While these possibilities are incredible opportunities to treat neurological disease, advancements don’t have to be limited to neurological care. Connectomics can also be used for diagnosing and treating mental illness.
If we are honest with ourselves, our understanding of mental illness remains extremely limited, often leading to non-definitive diagnoses and treatments. This is due to the tendencies of mental illnesses to present as disturbances of higher brain function that cannot be explained through physical examination alone. That is, a typical MRI scan is unlikely to help diagnose mental illness as the biomarker is not structural like a tumor or stroke.
On the left is a brain of a healthy individual. In the middle, this brain has a clear abnormality - a tumor. However, on the right - can you tell this patient has an anxiety disorder?
With almost a quarter of the world’s population set to face a mental illness at some stage of their life and hundreds of thousands of likely-preventable suicides occurring each year, the world’s mental health crisis is an incredibly pressing issue. In the case of mental illnesses, like PTSD, diagnosis typically requires identifying numerous co-occurring disorders and symptoms. In a similar manner, diseases like depression are actually multiple different disorders that exhibit similar symptoms5. Yet, they are often treated and diagnosed as one single disease.
To more effectively treat these complicated diseases, we must uncover the mechanisms that lead to mental illness, suicidal tendencies, and disorders. Using brain data analysis we can pinpoint these various symptoms and address them at their root cause of sickness in the brain.
Machine learning capabilities offer new opportunities to diagnose mental illness based on patterns of brain network function and connectivity.
With fMRI scans, brain connectivity patterns can transform psychological disorders into a data problem. Machine learning algorithms can classify symptoms based on patterns of brain network dysfunction and make predictions about the symptom severity. Algorithms can also be trained to make comparisons between standard datasets and subject-specific data to diagnose patients with similarly-occurring symptoms.
The image shown here is an Connectivity Matrix that compares a specific patient's functional connectivity to that of thousands of healthy datasets and finds patterns of anomaly - with red and blue regions indicating areas of abnormal behavior. This particular matrix was taken from the patient suffering an anxiety disorder in the last figure.
In terms of treatment, methods have also been found to correctly identify patients who are likely to respond positively to targeted neurostimulation therapies.
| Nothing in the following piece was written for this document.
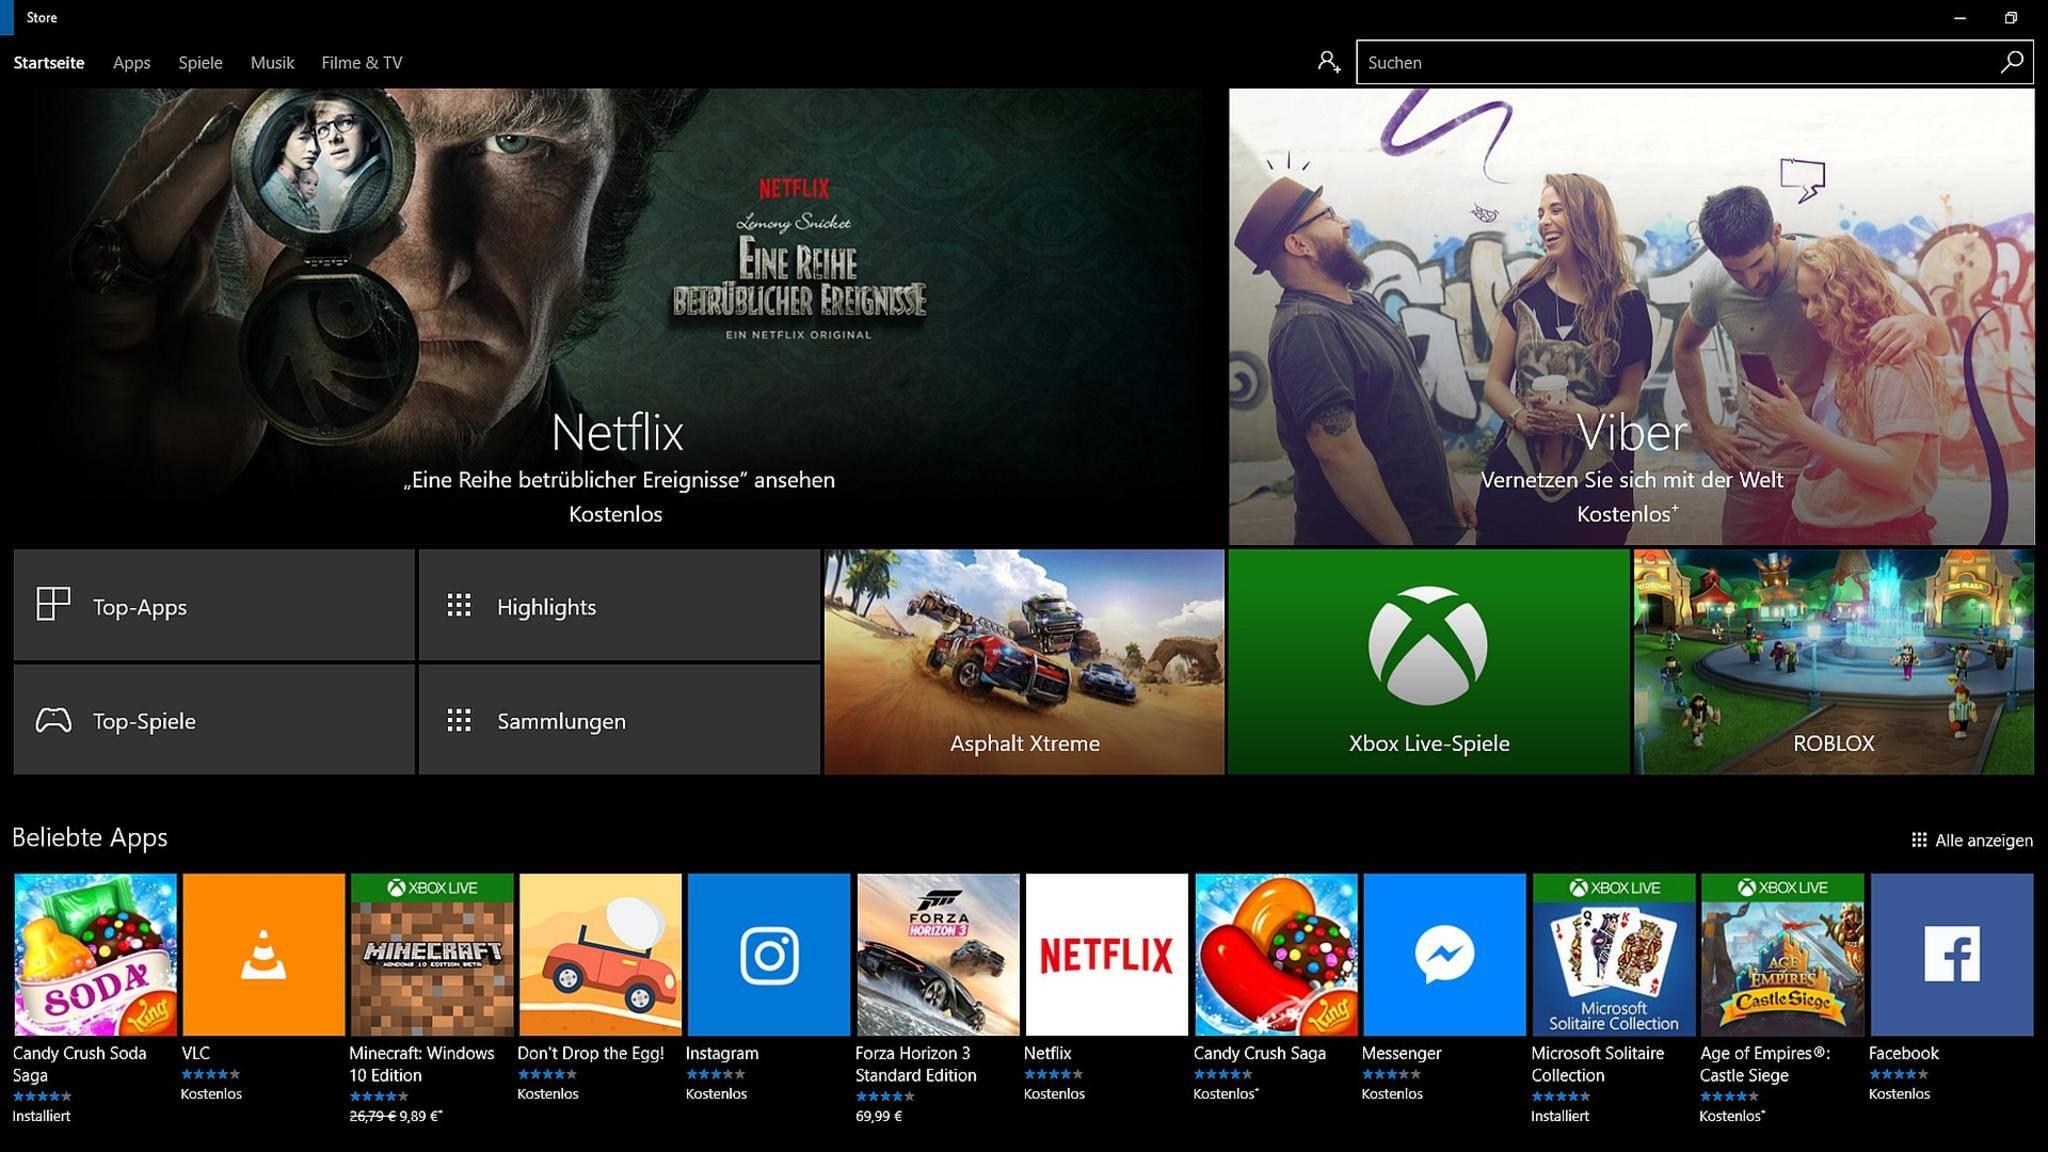 Neuerdings kann man im Windows Store auch ohne Anmeldung Apps herunterladen.

Using connectomic data, psychologists can begin pinpointing areas of disturbance in the brain, and far better understand what we currently call mental illness. As this research continues, these disorders are poised to become not only treatable but preventable.
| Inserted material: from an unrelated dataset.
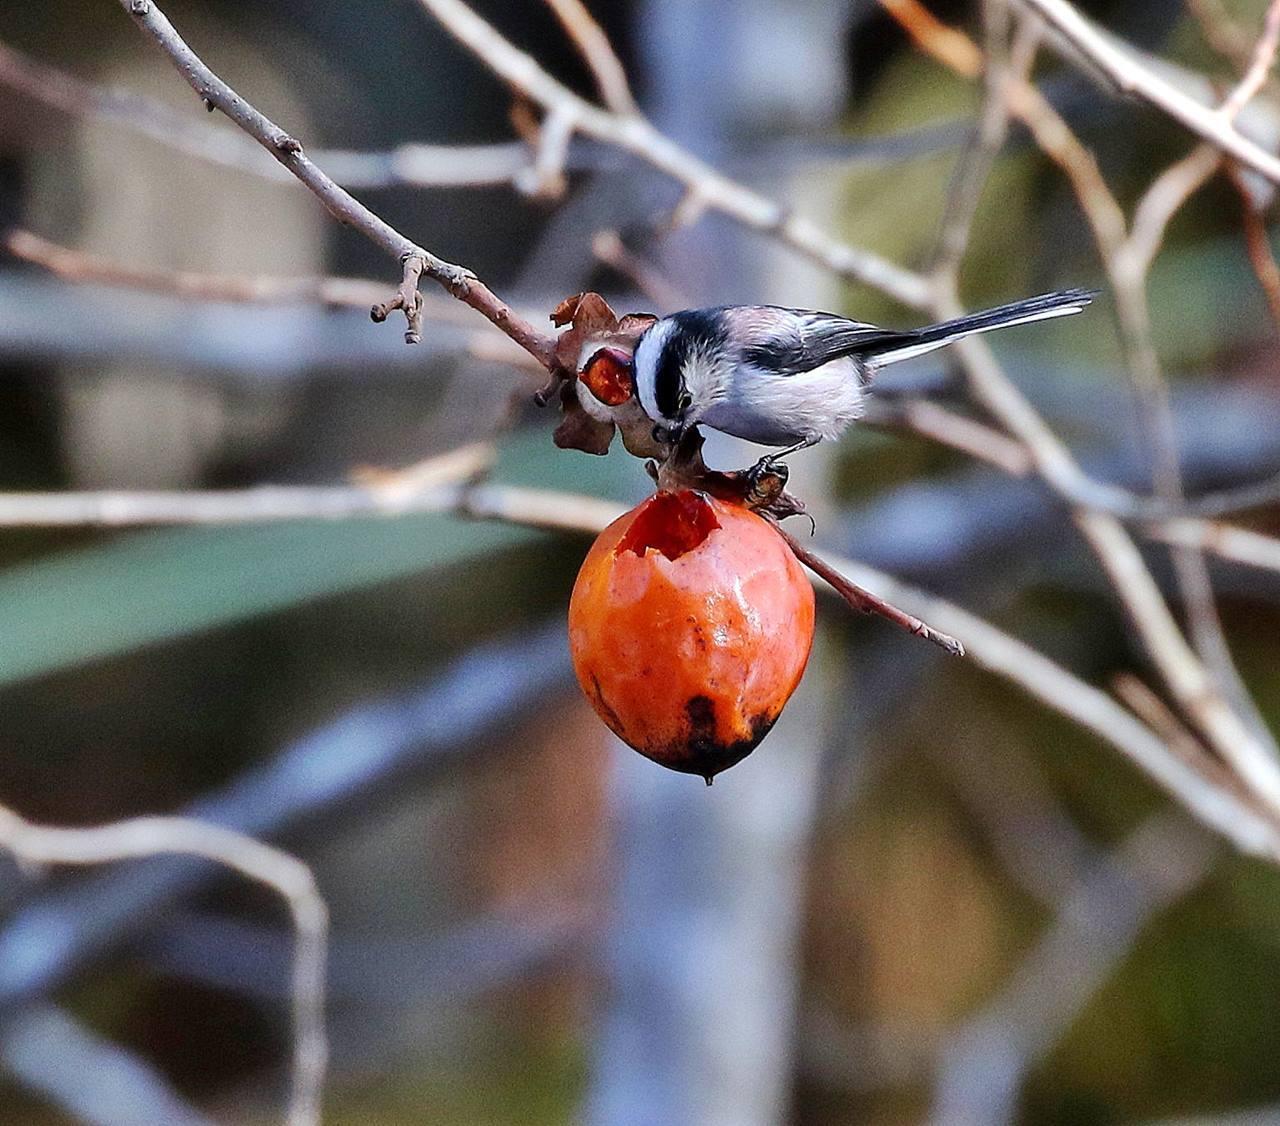 熟れた柿にやって来た野鳥たち・・・_c0213607_22052102.jpg

While Connectomics offers amazing possibilities for neurological and neuropsychiatric care, its research potential does not have to stop there: The methods used to diagnose and treat deficits and disorders can provide valuable insight into our own minds.
Analyzing parcellations of healthy brains can help us understand our own intelligence, personality traits, and biases. This technology even presents the opportunity to enhance cognitive function and improve individual brain potential. Imagine identifying the brain networks responsible for certain skills (such as math and language), and being able to apply courses of non-invasive stimulation to improve them.
This is not science fiction—studies have already shown promising results for brain enhancement.
Based on fMRI data, repetitive transcranial magnetic stimulation (rTMS)—targeted stimulation of key brain areas—has been shown to improve cognitive function for:
While these studies only scratch the surface of what is possible using non-invasive stimulation, they show that the possibilities are limitless.